▸ Assignment
Set down the data below without change, skipping the pictures it holds.

▸ Provided material
==========

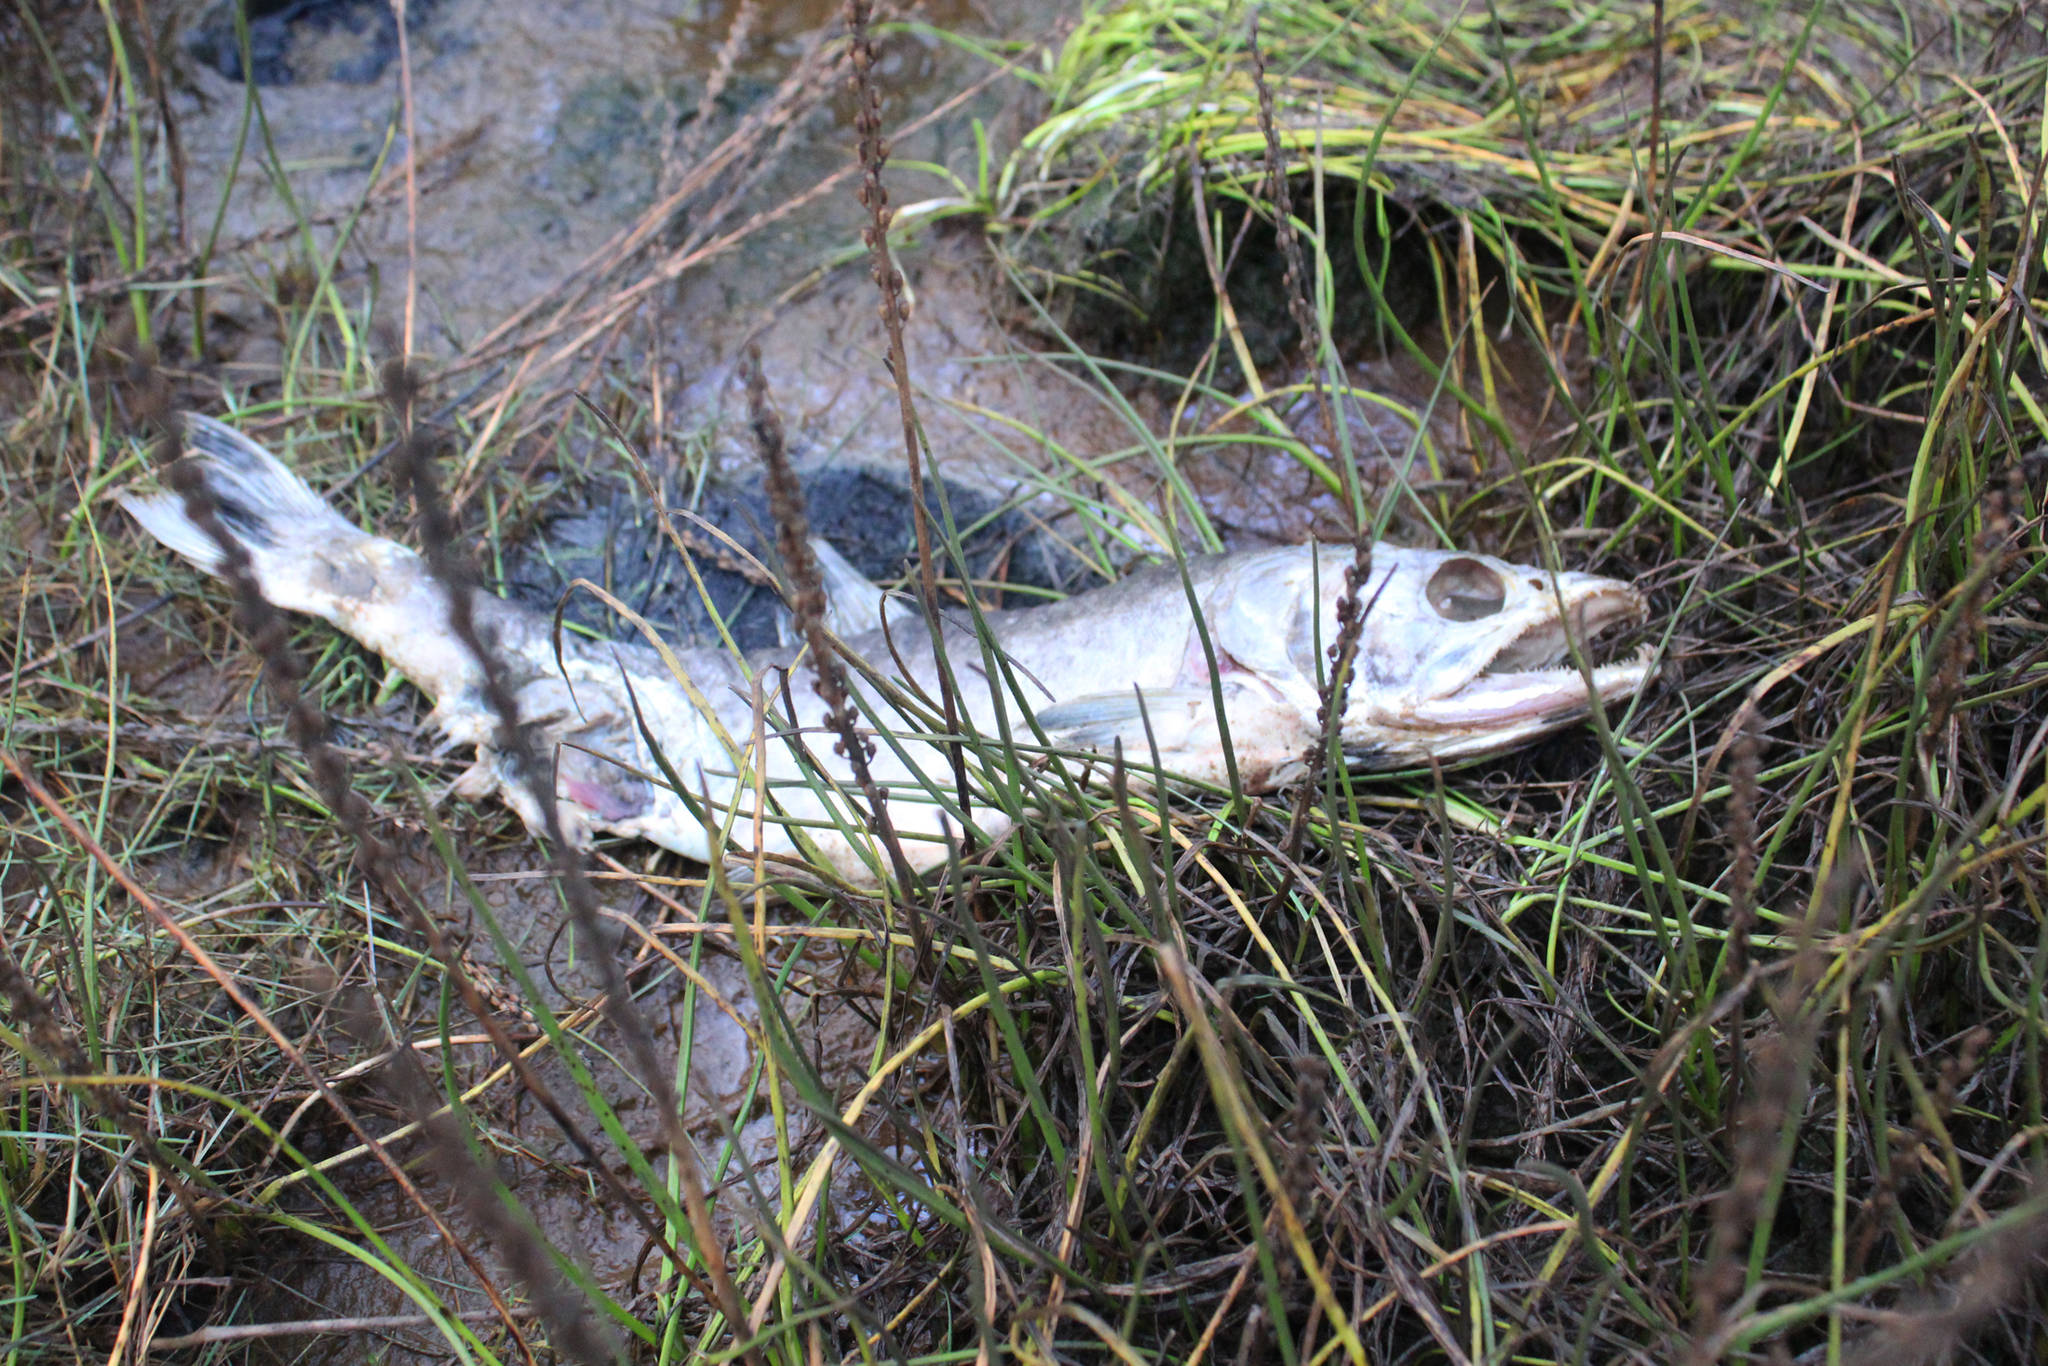 A dead fish decomposes in the Beluga Slough on Thursday, Sept. 28, 2017 in Homer, Alaska. A group of Paul Banks Elementary students got schooled in the ways of the slough and Beluga Lake during a field trip there last week. (Photo by Megan Pacer/Homer News)
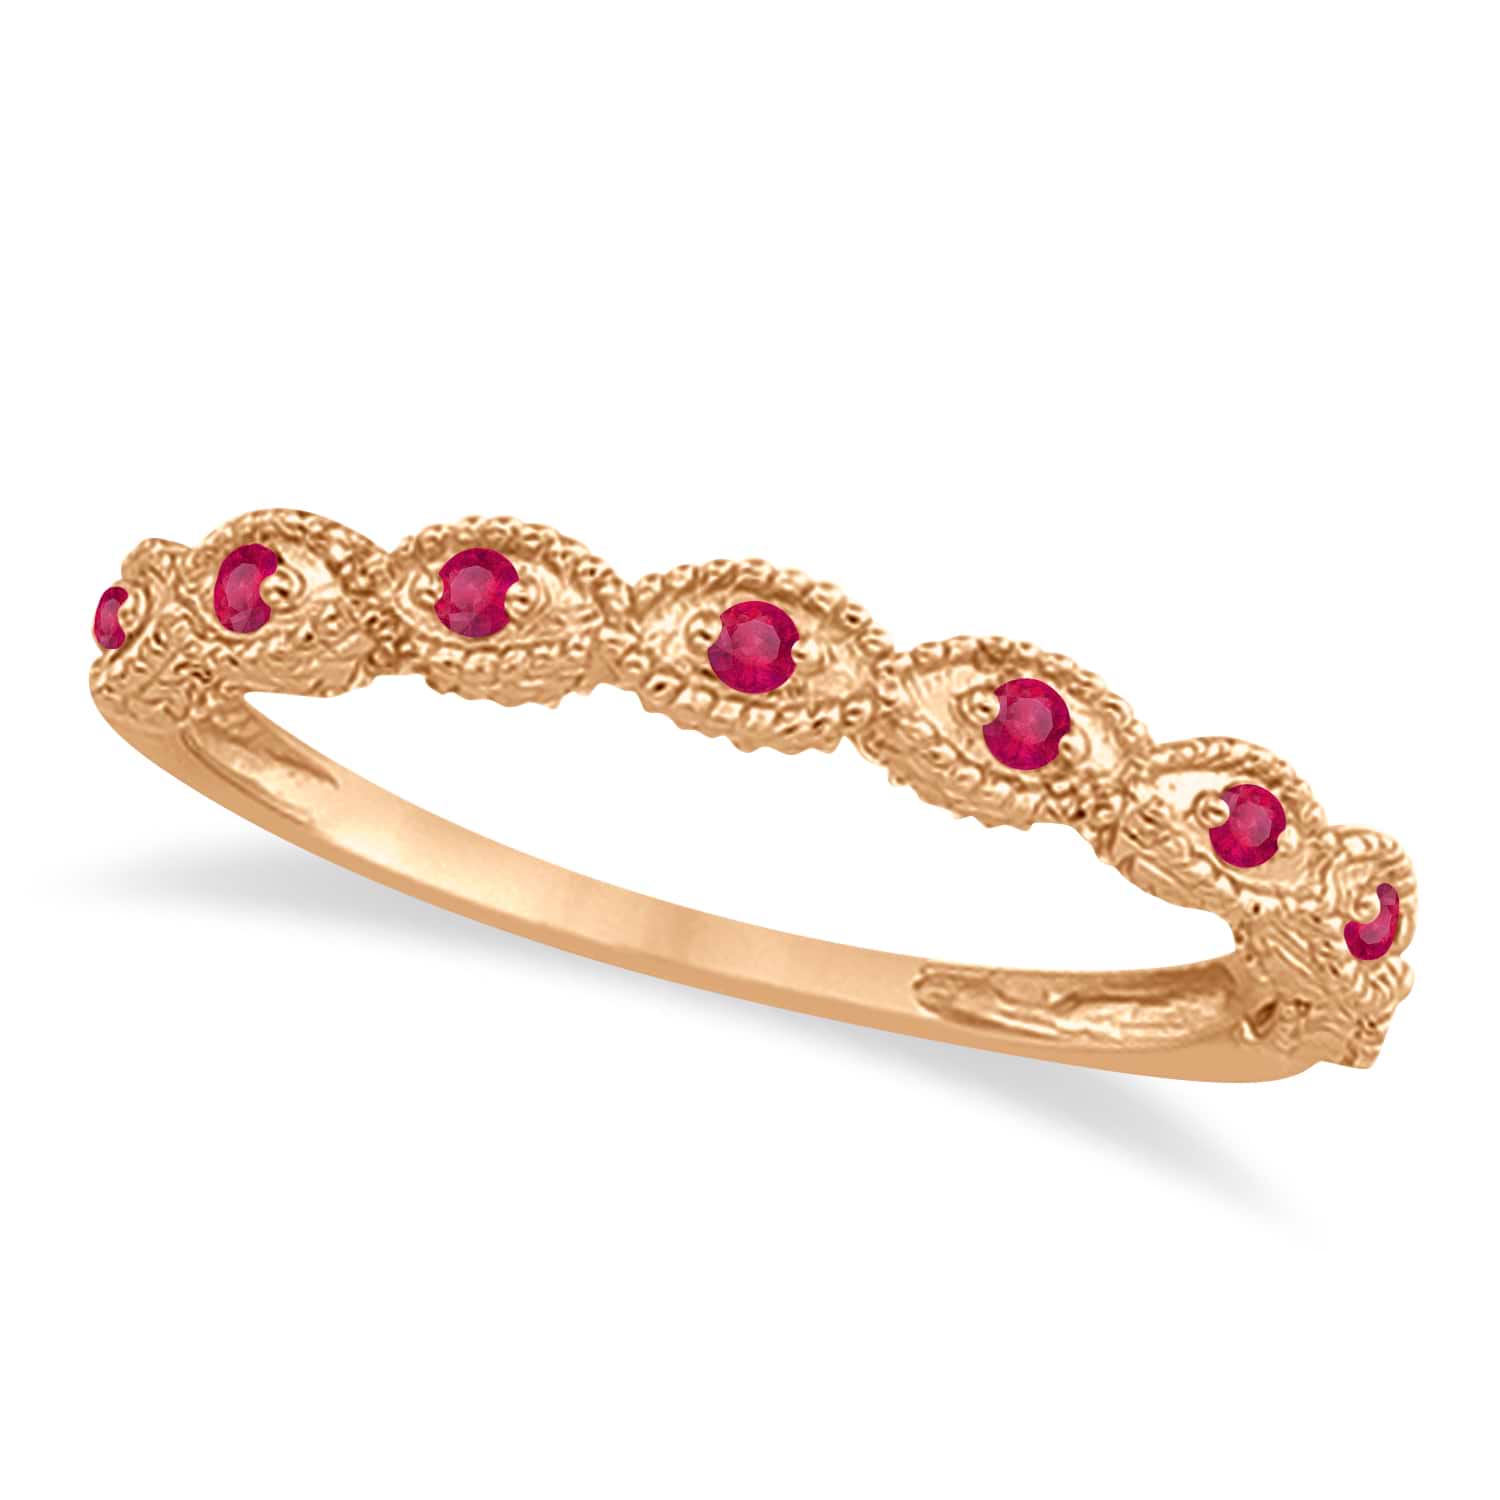 Antique Marquise Shape Ruby Wedding Ring 14k Rose Gold (0.18ct)
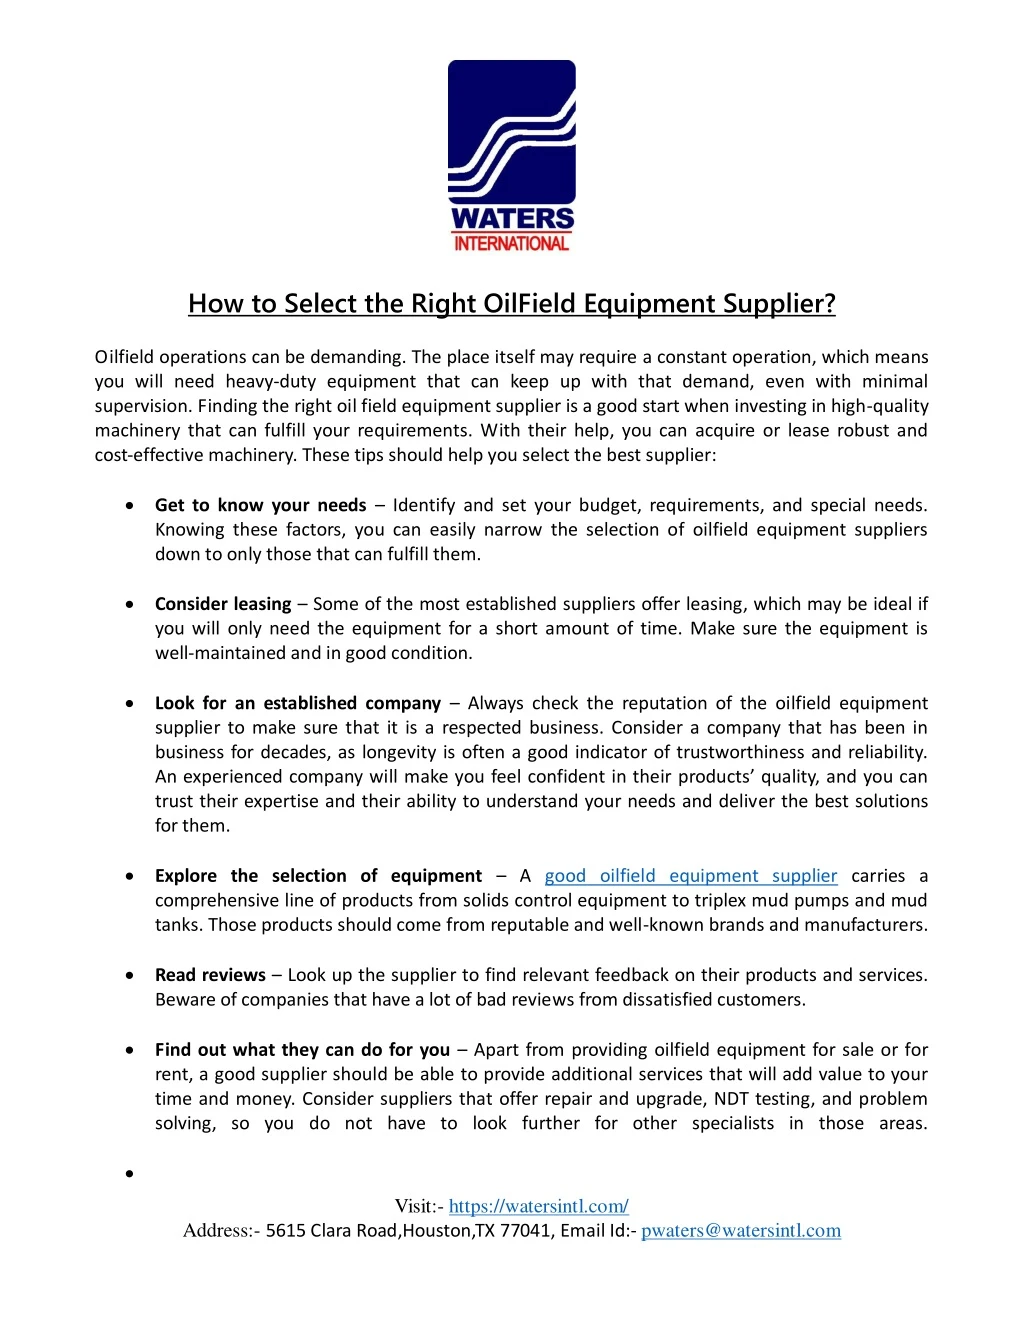 how to select the right oilfield equipment

==========

▸ Written solution
 A dead fish decomposes in the Beluga Slough on Thursday, Sept. 28, 2017 in Homer, Alaska. A group of Paul Banks Elementary students got schooled in the ways of the slough and Beluga Lake during a field trip there last week. (Photo by Megan Pacer/Homer News)
 Antique Marquise Shape Ruby Wedding Ring 14k Rose Gold (0.18ct)
 how to select the right oilfield equipment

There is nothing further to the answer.